Thanks Eugene for your inputs. Thank you Behnam for the history and those relevant links. I will consult those.

One thing I don't understand is where this perturbative Born expansion enter my analysis. My idea is simply this :

\psi = \psi_inc(plane wave) + f(\theta) e^ikr/r  ------ (1)

... this is the starting point. Now, for a central potential, we can always decompose f(\theta) in terms of partial waves and from the unitarity of the S matrix each partial wave amplitude is bounded ---- THIS SHOULD NOT BLOW UP !!

Now what people usually do is that they place a hard cut-off ... the Coulomb potential is sharply cut at r=\rho (say) --- and for r >>\rho they essentially drop the coulomb term --- and solve the SE --- They get an expression for \psi which they plug into the LHS of Eq. (1) .. Now, since everything is known .. one can extract each partial wave amplitude from Eq.(1) and they involve Log(\rho) ... Now when we take \rho -->infinity, the thing blows up ... But this is incorrect, right?? ... When we take the limit \rho --> infinity; the very assumption on which our asymptotic solution is based on, breaks down -- So the previous solution for the LHS of Eq.(1) is no longer valid.

But, if we can find the exact asymptotic solution for the repulsive Coulomb potential without any assumption (I understand that the solution will not be normalizable, etc ... but you see, the plane wave solution for the free particle is also similar ... But that doesn't mean that it's partial wave expansion co-effs will blow up) ... Then we can plug this wave function into the LHS of eq.(1) ... Note that, this is the exact solution, not a a first- or second order approximation. ... Now again, we can find the partial wave amplitudes that constitute f(\theta) ... The question is, since we are using the exact solution, would the partial amplitude still diverge?? If yes, I would like to understand WHY .. because from the sacred principle of S-matrix unitarity, I wouldn't normally expect them to blow up. As Debmalya mentioned, I'm sure that many people have stumbled over this issue ... and most likely, there is an answer which I still don't know.
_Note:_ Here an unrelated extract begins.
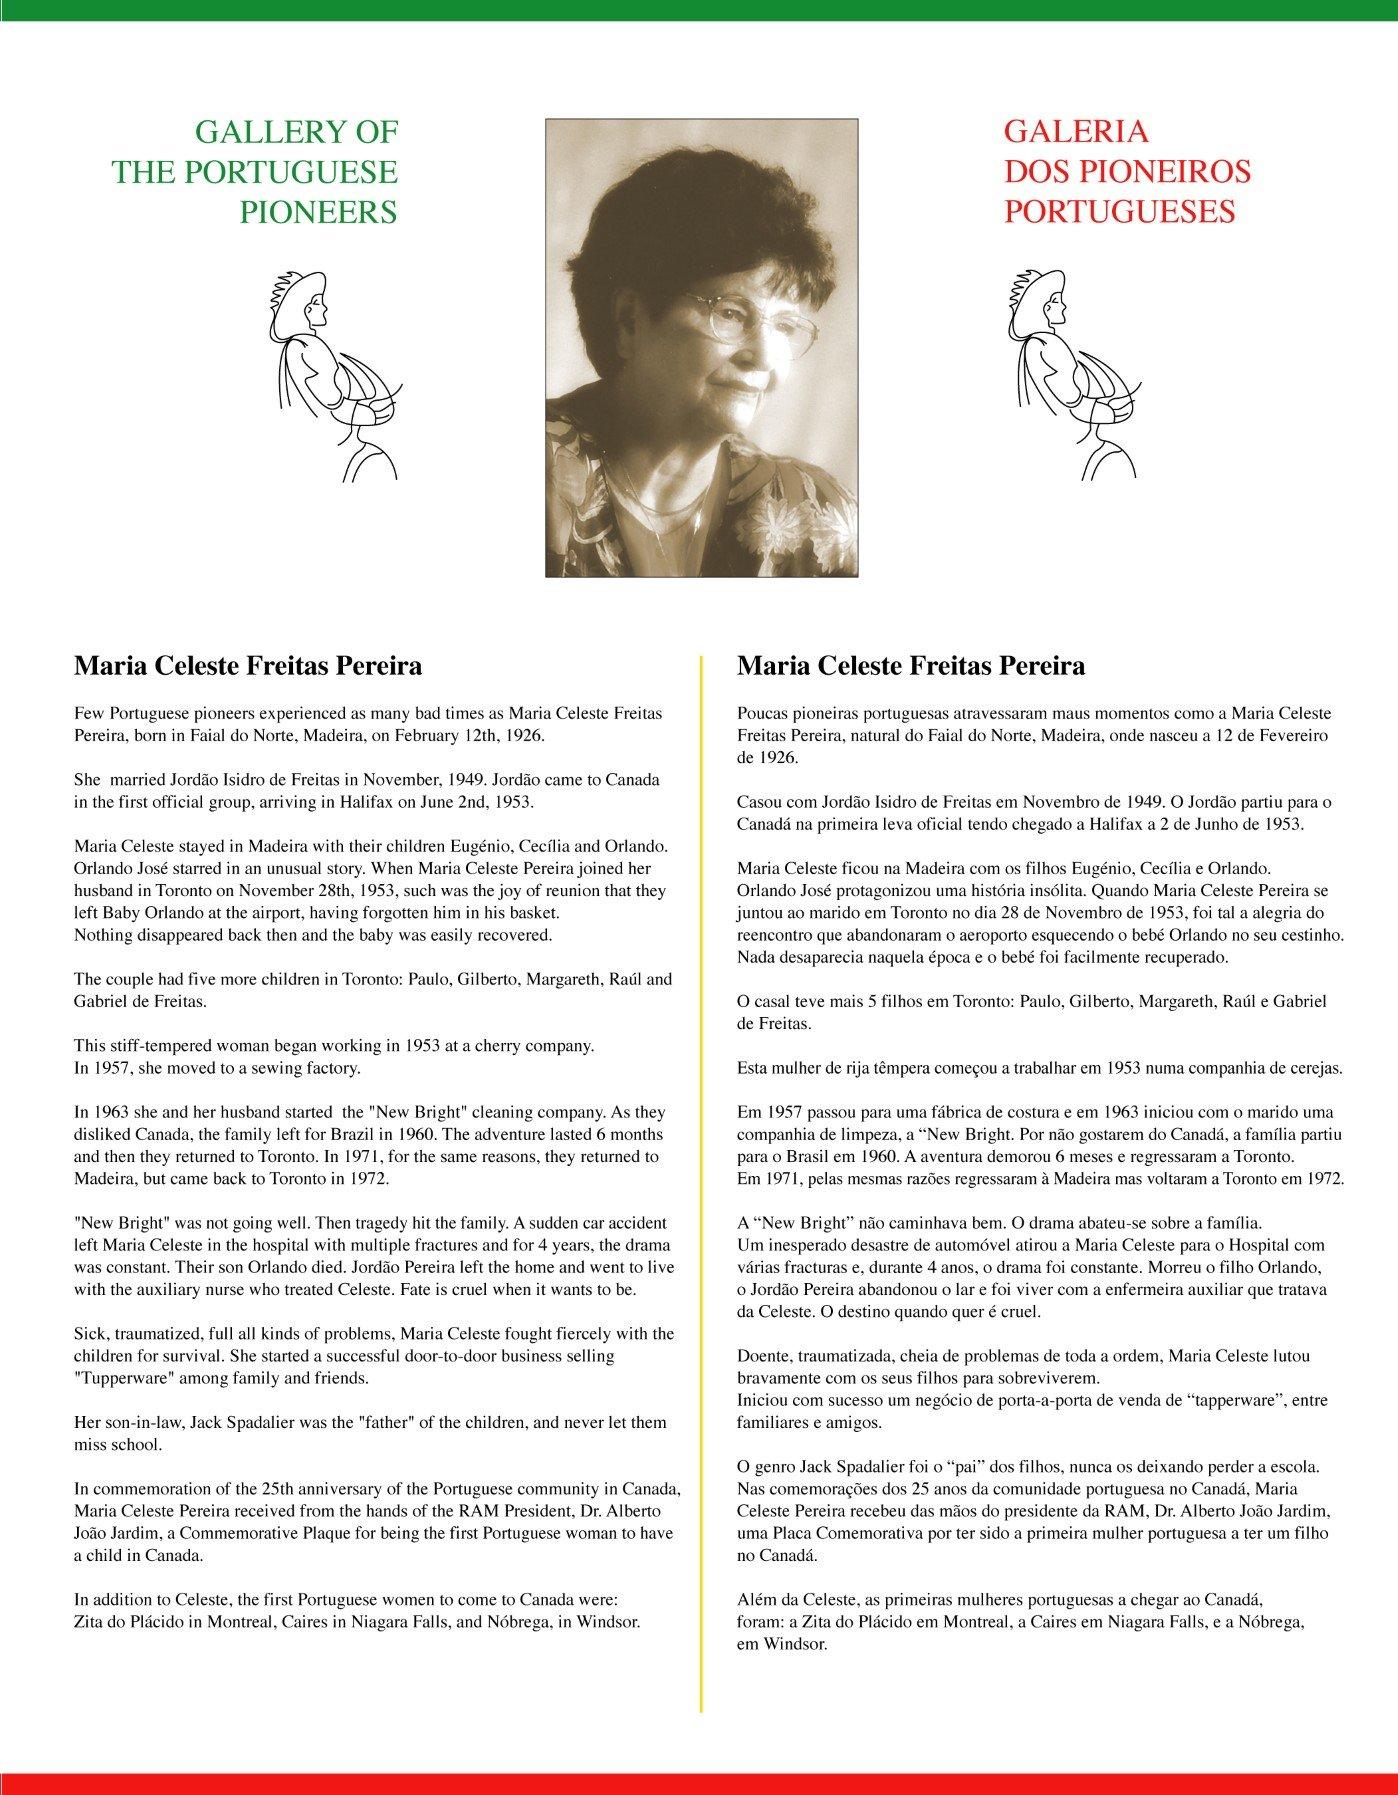 Maria Celeste Freitas Pereira
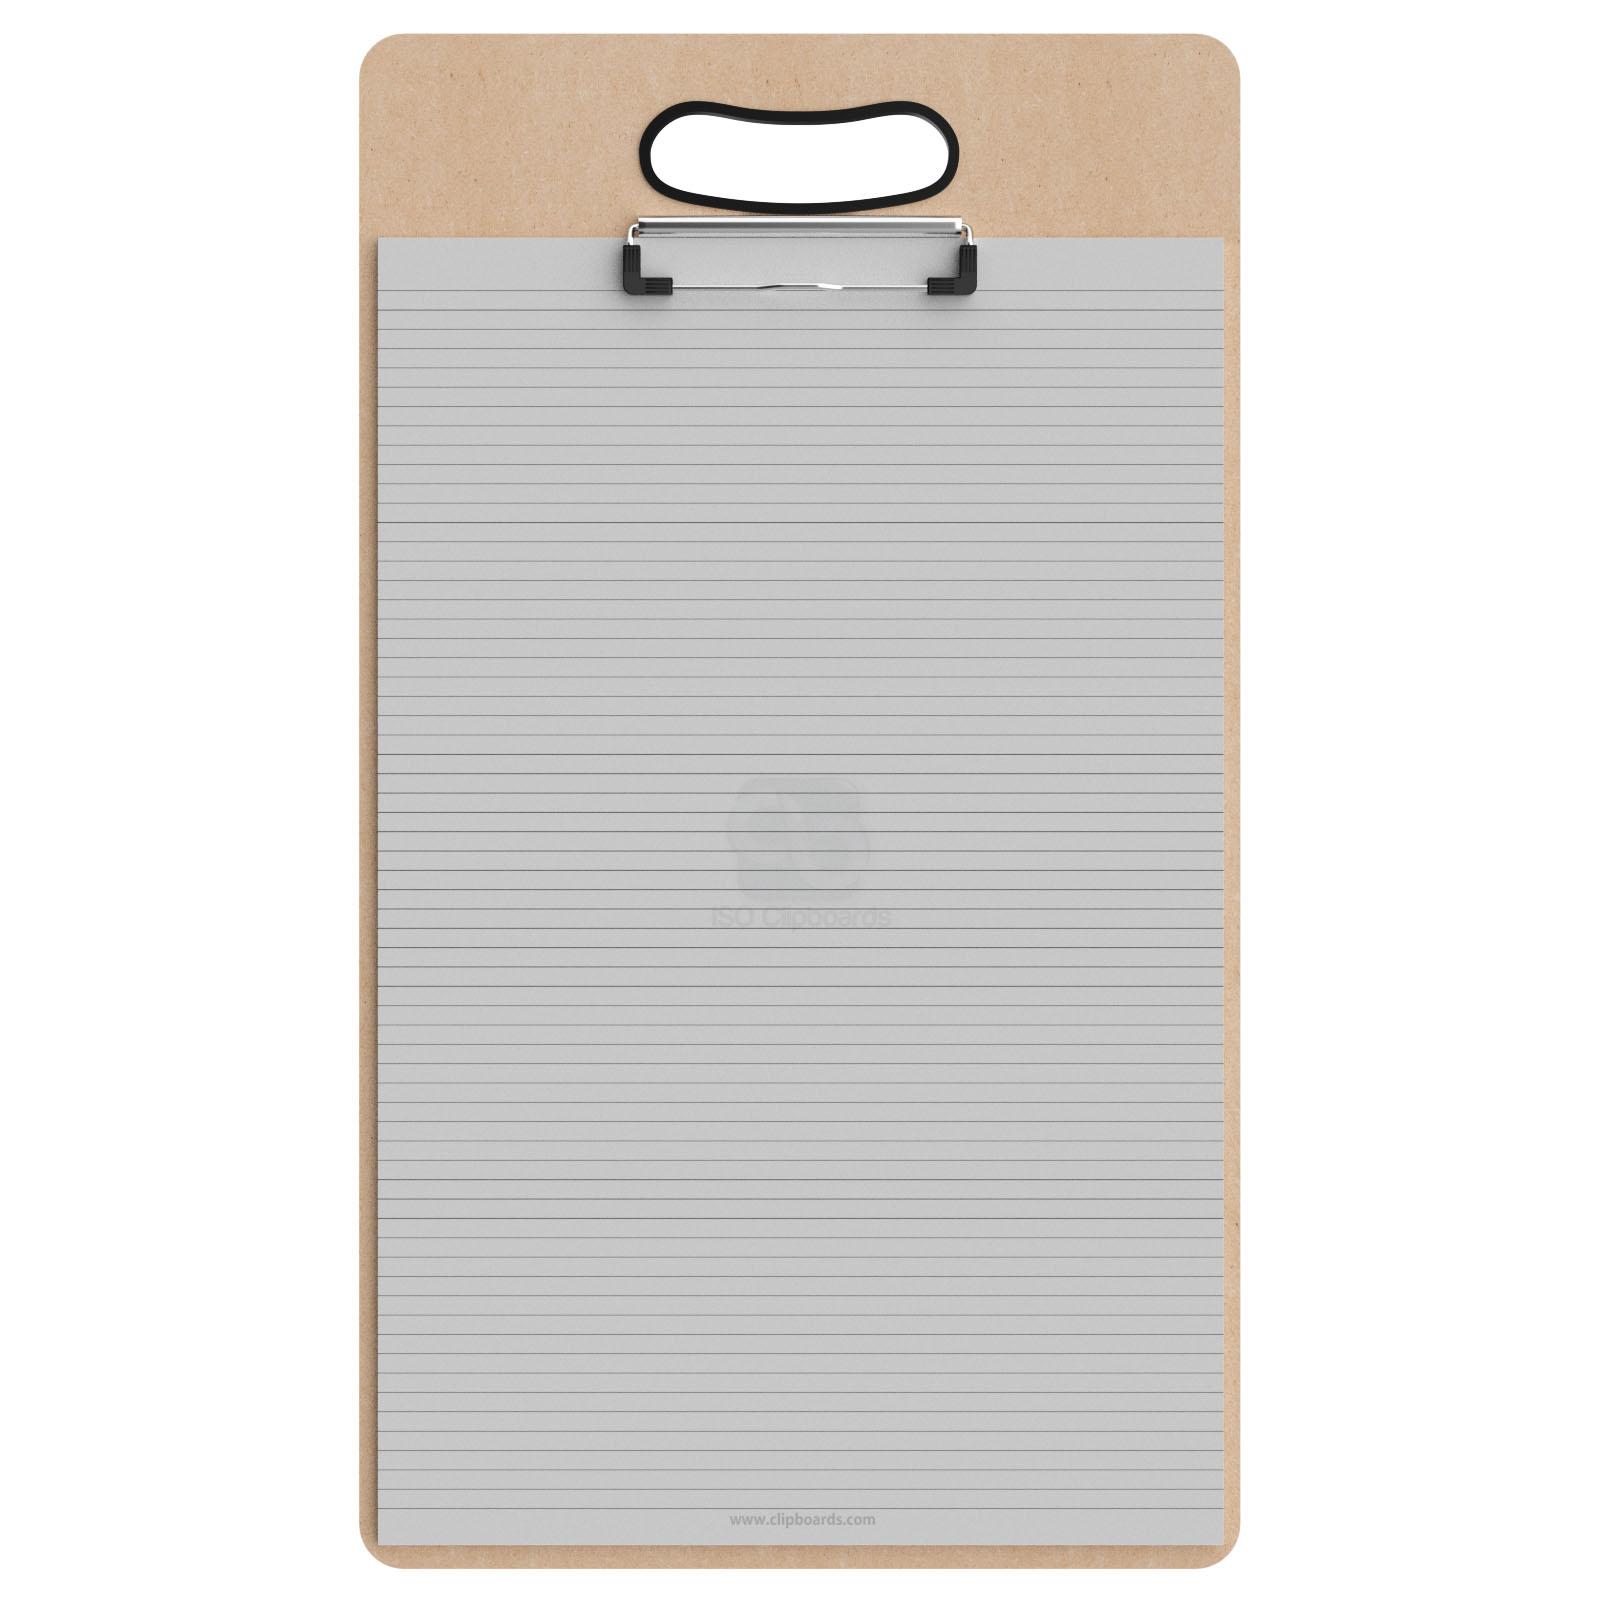 Ledger Card Holder : Ledger size vertical mdf handle clipboard

I hope that this description makes sense and I will be waiting for further clarifications.

Thanks again to all of you for your illuminations.

Dear Dipankar, before expanding the discussion, I join Debmalya in inviting you to consult Gottfried (or Gottfried-Yan if you consider the 2nd edition of Gottfried's original Quantum Mechanics). He expands (along with others, like Burke) on the issue that for when the scattering potential V(r) vanishes for r approaching infinity, however r V(r) does not (as is the case for the 1/r Coulomb potential), the leading asymptotic contribution to the scattered wave function is not a plane wave (see section 3.6b of Gottfried-Yan). This observation is in fact apparent from the explicit expression in Eq. (7.13.14), p. 437, of Sakurai's Modern Quantum Mechanics, which concerns the Coulomb potential. Note that since the logarithmically-divergent term occurs in the argument of the exponential function, it gives rise to an anomalous power-law behaviour of the scattered wave function for r approaching infinity. This anomalous exponent of the power law cannot be captured by means of a finite-order perturbation theory (on general grounds, one can show that the perturbation series must contain unbounded terms;* only an infinite re-summation of these terms is capable of reproducing the anomalous exponent).

______

* Consult Appendix C of my paper 'Some rigorous results concerning ...', beginning on page 35.

Not only is the solution of the Schrodinger wave equation with a Coulomb potential well known - everything from the lowest lying bound states to continuum states - just recently, the Logarithmic Schrodinger equation has been solved for a Coulomb potential for lowest lying bound states (albeit with zero-angular momentum so far). This is in a recent J. Phys. Commun. publication about to come out.